The courts have, over the years, made appreciable success in controlling unreasonable exemption clauses, and have fully developed principles which govern their validity. These principles are summarized as follows:
- The document containing the exemption clause must be an integral part of the contract between the parties.
In this regard, the courts have always insisted that the contract in which the exemption clause is written must be a contractual document, for it is only when the contract is a contractual document that the exemption clauses therein contained can be a term of the contract and as such, bind the party against whom it is inserted. The contract may become a contractual document and so form part of the document in two ways:
- The document must be signed by both parties to the contract.
- Notice of the exemption clause is given to the affected party within reasonable time, before or at the time of contracting and the affected party already knows of the clause.
The general rule is that the burden is on the party wishing to rely on the exemption clause to establish that the other party was aware of the exemption clause or ought to have been aware of it having regard to all the circumstances.
It is therefore, obvious that an exemption clause cannot be unilaterally introduced into a contract after its completion. Thus, an attempt to introduce an exemption clause in a receipt, which is generally not regarded as a contractual document, would not make it a term of the contract, and would, therefore, not bind the person who received it.
- Any ambiguity, or other doubt, in an exemption clause must be resolved contra proferentem. The contra proferentem rule states that it is a basic principle of the common law that an exemption clause must be constricted strictly against the party relying on it. Therefore, in considering the validity of an exemption clause, the courts resolve any ambiguity or other doubts in the clause against the person who is seeking to rely on it; that is, against the person who is proffering it.
- If the plaintiff signed the document containing an exemption clause by reason of fraud or misrepresentation perpetrated by the defendant or his agent, the plaintiff is not bound.
Generally, if a person signs a contractual document, he is bound by its terms, including any exemption clause it may concern, whether he read the document or not. But this rule does not apply where the plaintiff is induced to sign the document by fraud or misrepresentation on the part of the defendant or his agent.

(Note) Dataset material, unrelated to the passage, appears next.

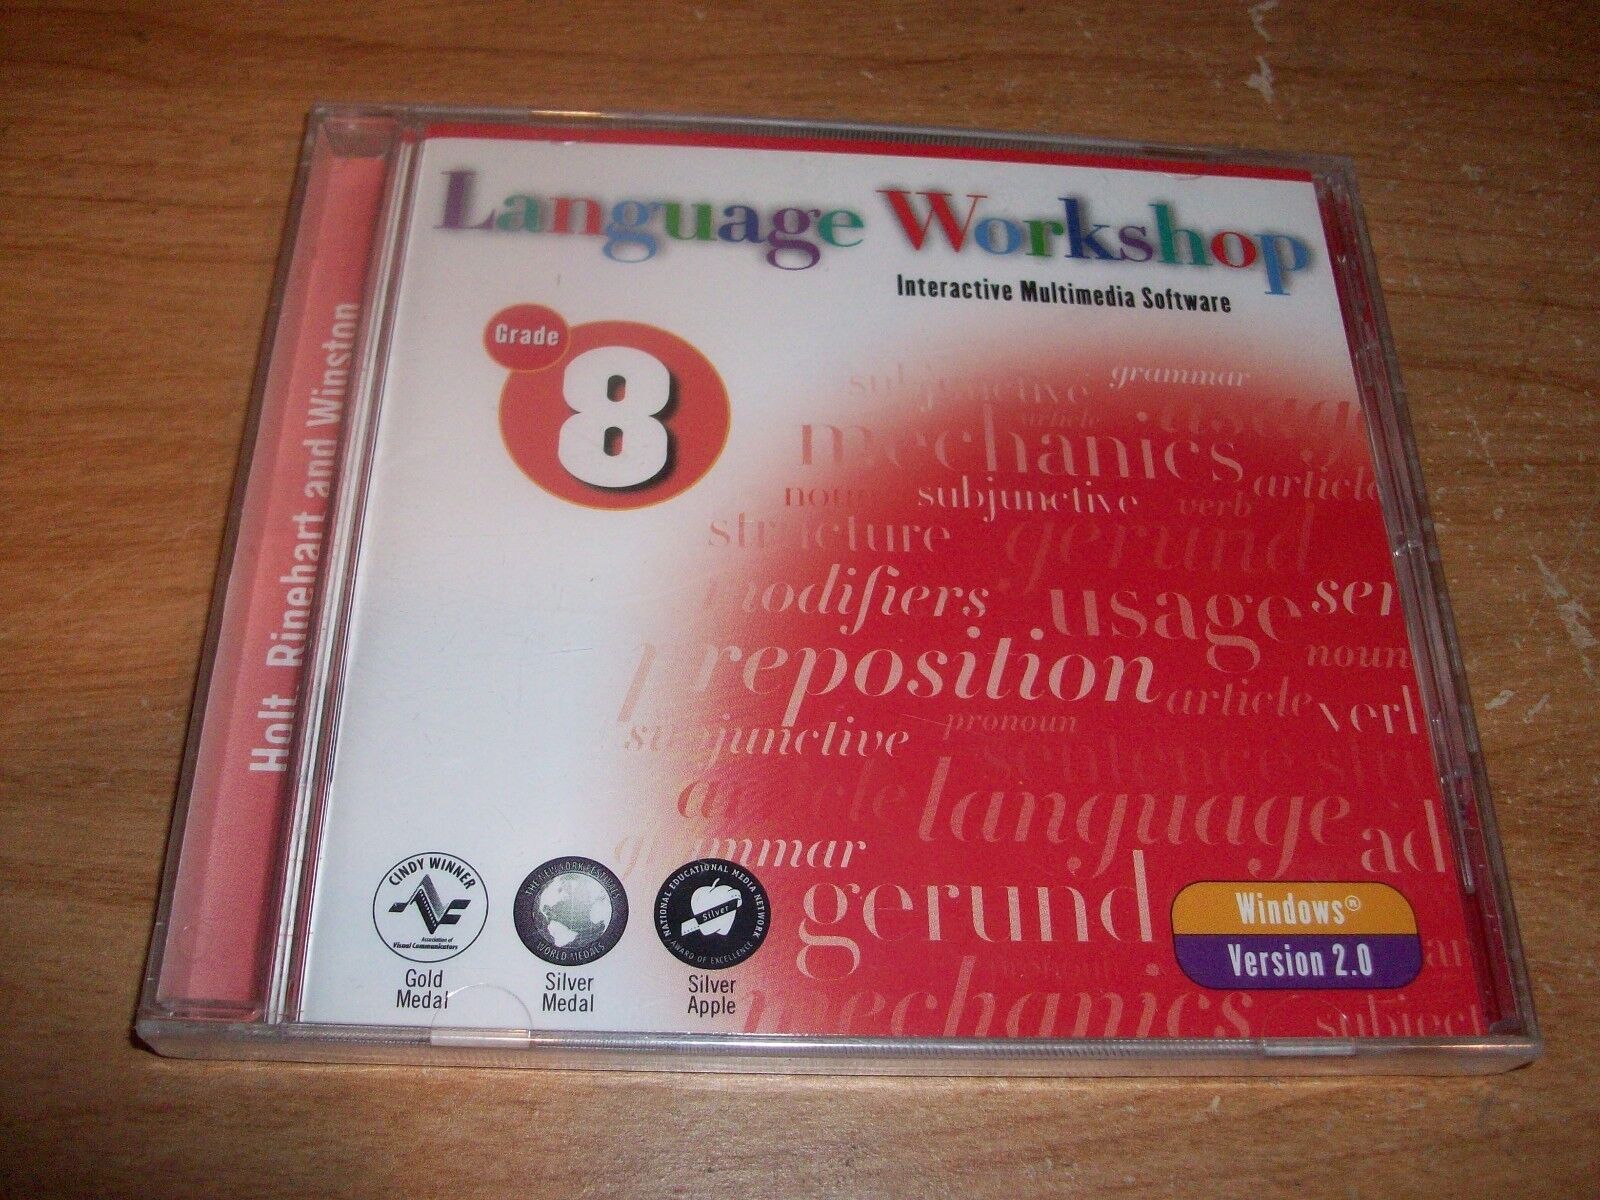 Language Workshop Grade 8 Interactive Multimedia CD ROM Version 2.0 WIN 95 NEW

- Third parties are not protected by the exemption clause
- No exemption clause, however wide, can operate if it is contrary y to statute.
- No exemption clause can operate if it is inconsistent with a Term of the Contract
- If the party seeking to take advantage of either the exemption or the limitation clause acts outside the four walls of the contract.
- If the exemption clause is repugnant to the main object and purpose of the contract.
- A party who is guilty of a fundamental breach of contract, if the contract can be so construed, be disqualified from Relying on an Exemption Clause.
SELF ASSESSM ENT EXERCISE 1
- What are exemption clauses?
- Examine the rules that govern the validity of exemption clause.
The Concept of Fundamental Terms
The courts have in recent years developed the concept of “fundamental term” which insists that the operation of an exemption or limiting clause will be subject to the doctrine of fundamental terms.
Under this doctrine, no person is allowed to take shelter under the provisions of an exemption clause, notwithstanding how wide the clause is expressed, if the breach of the contract is substantial and affects the very purpose of the contract. In every contract, there are some central obligations, the non-fulfillment of which renders the contract meaningless.
An exemption clause will not avoid a party who is in breach of such obligation and like a condition, a breach of a fundamental term may entitle the innocent party to an action for damages and repudiation of the contract.
Fundamental terms imply that there is a fundamental obligation of a contract of sale to deliver the goods contracted for In Karoles (Harrow) Ltd V Wllis (1956)2 ALL E.R. 866. The defendant agreed to buy a Buick Car from the plaintiff under a hire-purchase agreement which provided, inter alia, “no condition or warranty that the vehicle is road worthy or as to its usage, condition or fitness for any purpose is given by the owner or implied herein”. The car was left in the defendant’s premises one night and on inspection the defendant found that it was badly damaged. The cylinder head was off, all the valves were burnt out, two pistons were broken and it was incapable of propulsion. The defendant refused to accept delivery of it. The court of Appeal held that the exemption clause could not avail the plaintiffs, for they supplied something entirely different from that contracted for by the defendant. In other words there was a breach of fundamental term of the contract and not a fundamental breach of the contract.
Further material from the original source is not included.